In the current implementation, BRADSHAW is limited to cheminformatics and machine learning models. There are no 3D or docking methods, partly because it is difficult to produce a standard Task that can cater for the more bespoke models typically required in that domain, and partly because the predictivity and uncertainty quantification is not yet at level that we are comfortable including these as scoring functions. Those physics-based methods that are more rigorous, for example FEP+ [75], require an element of specialist control that, again, is not yet suitable for inclusion in the BRADSHAW framework, but may be included in a design workflow as an additional step [76].
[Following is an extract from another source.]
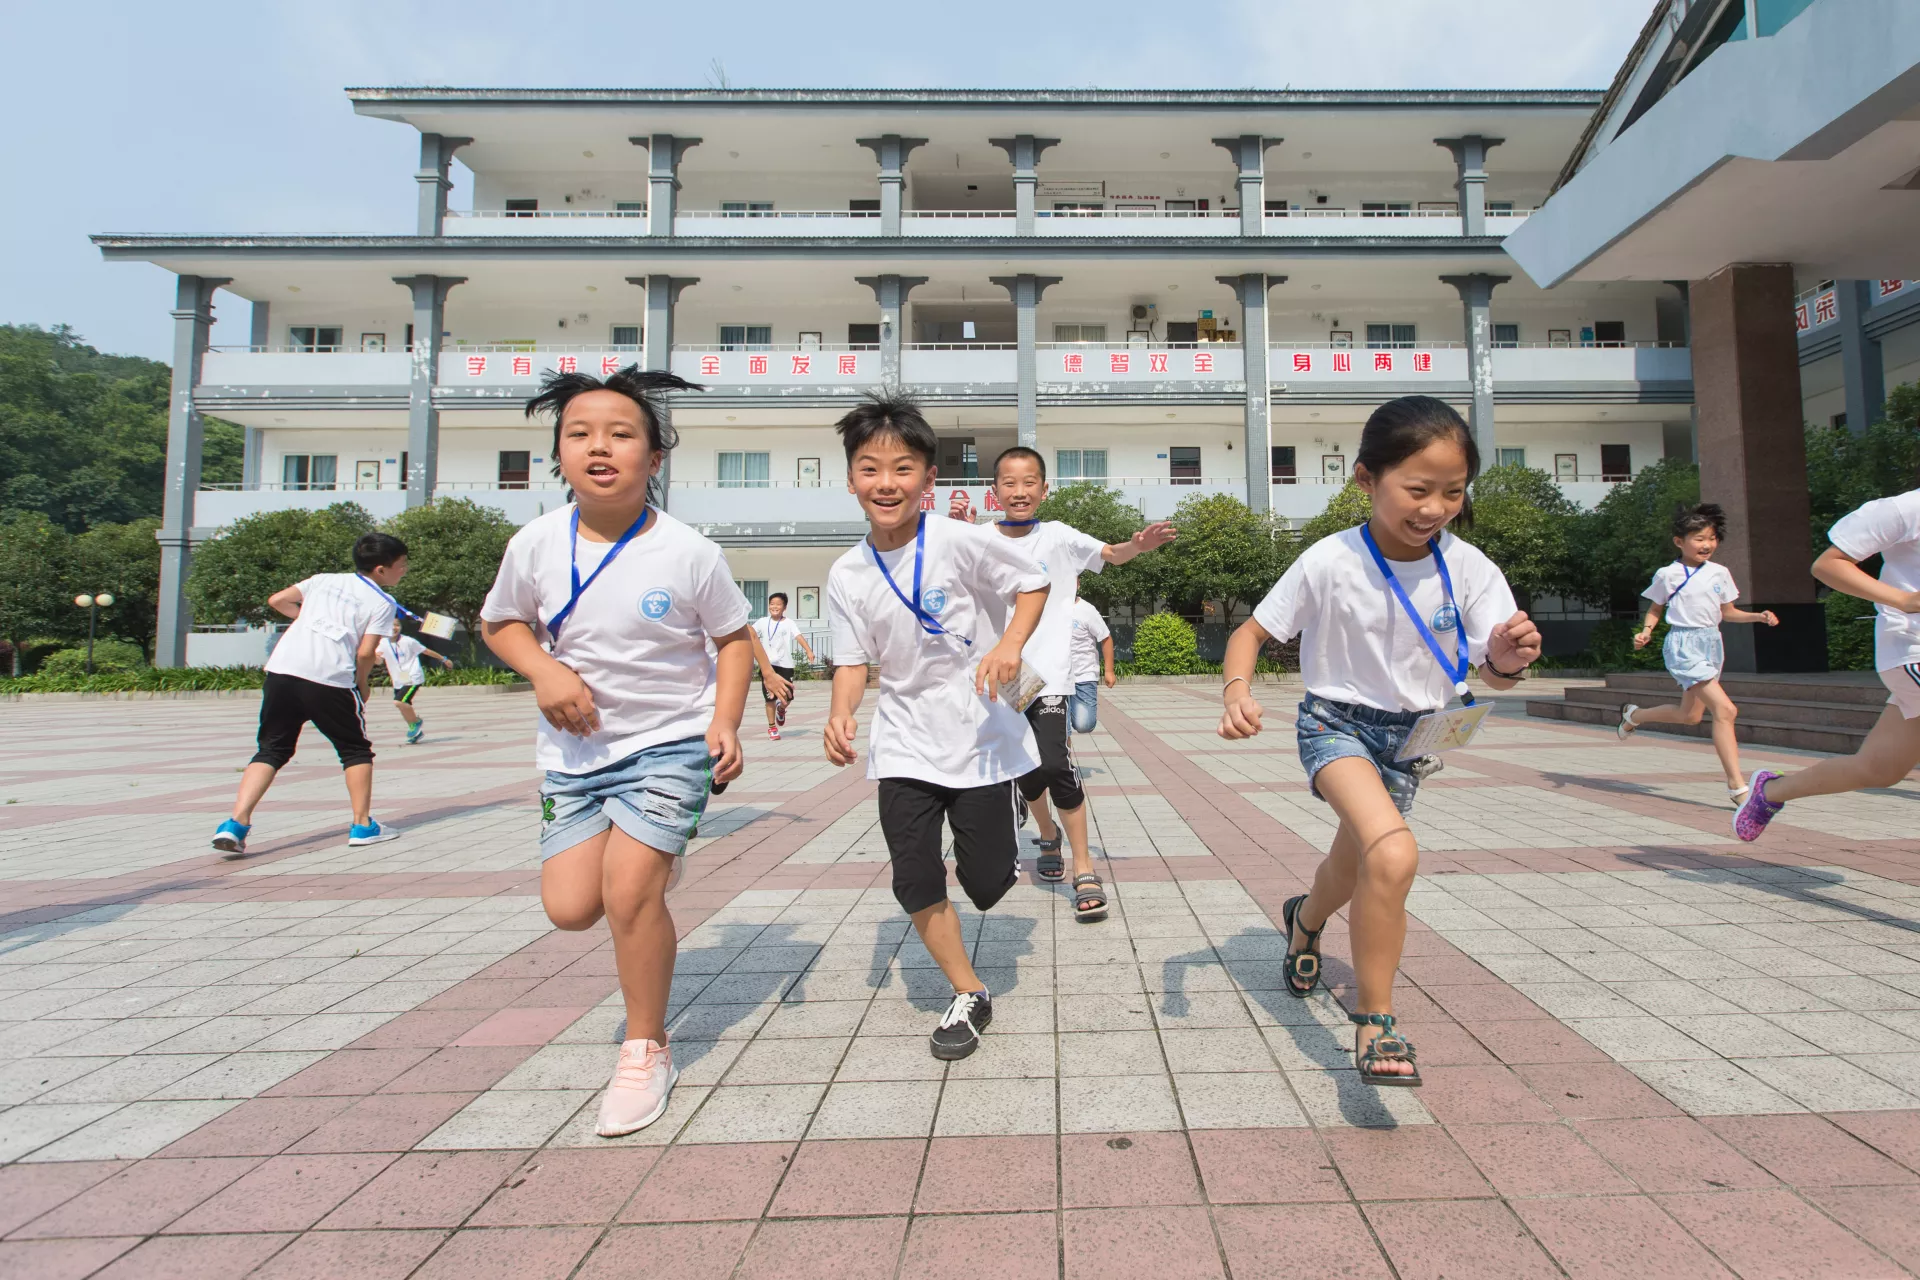 Children participate in a DRR summer camp in Shifang, Sichuan Province in July, 2017.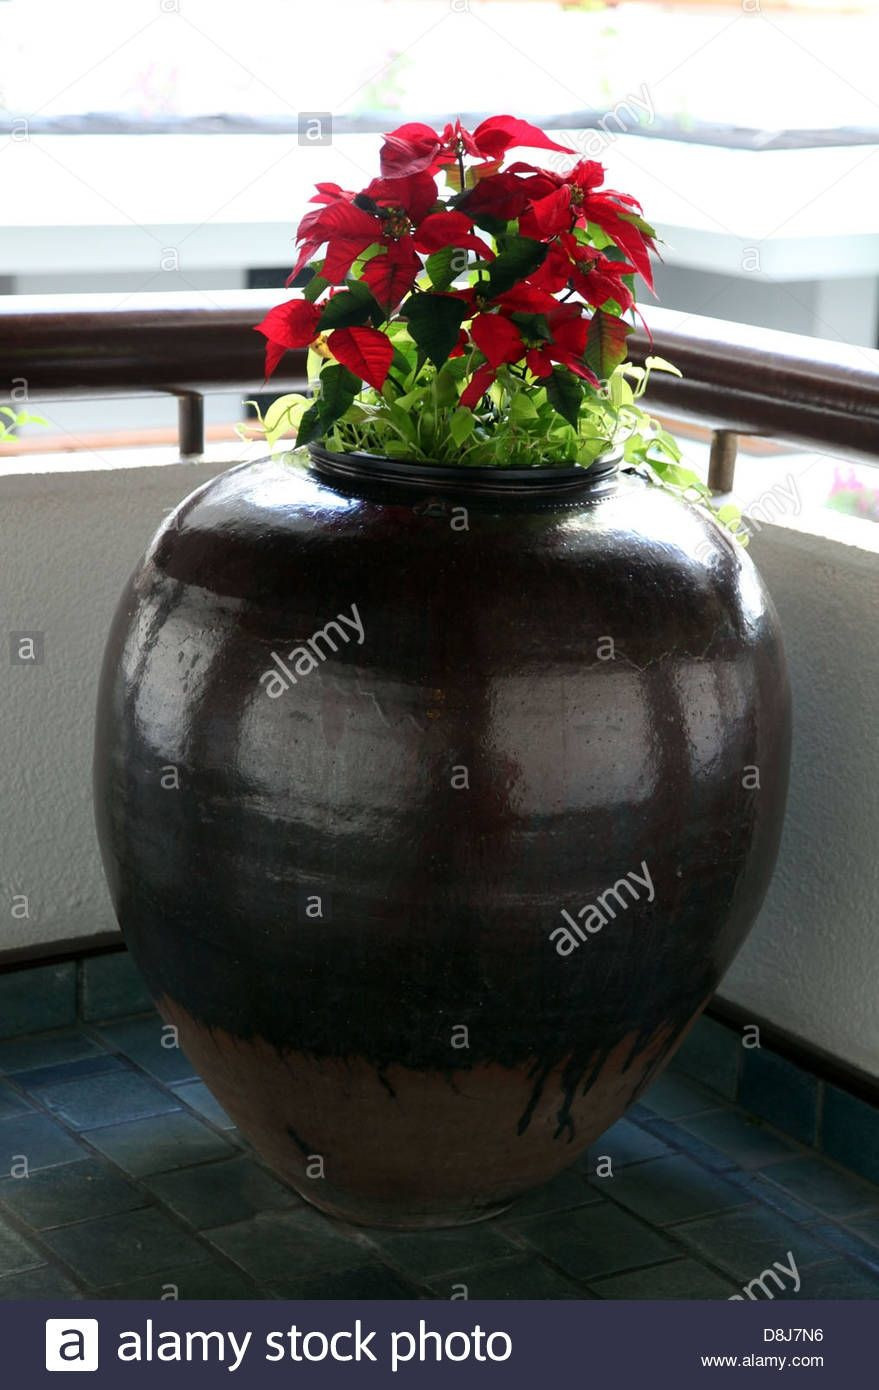 30 Perfect Stony Creek Vases 2024 free download stony creek vases of wide glass vase image paint a picture luxury h vases paint vase i 0d within wide glass vase pictures corner big flower vase vase pinterest of wide glass vase image paint

As we hope to have demonstrated, BRADSHAW is at a respectable level of competency in the combined processes that comprise molecule design. The aforementioned rapid pace of innovation and improvement in the field of molecule generation, model building and optimisation algorithms means that systems like BRADSHAW will improve from this level. The potential level of capability that can be reached is difficult to predict. However, even the current level of performance raises questions about how the system should best be integrated into the work practice of a lead optimisation team e.g. is it as a complement to the creativity of the team, or should the automated system become the fundamental workhorse for the team which is complemented by suggestions and decisions by the human supervisors? We feel these answers will become clearer as the platform is further tested in prospective applied scenarios, which will be the subject of a future publication.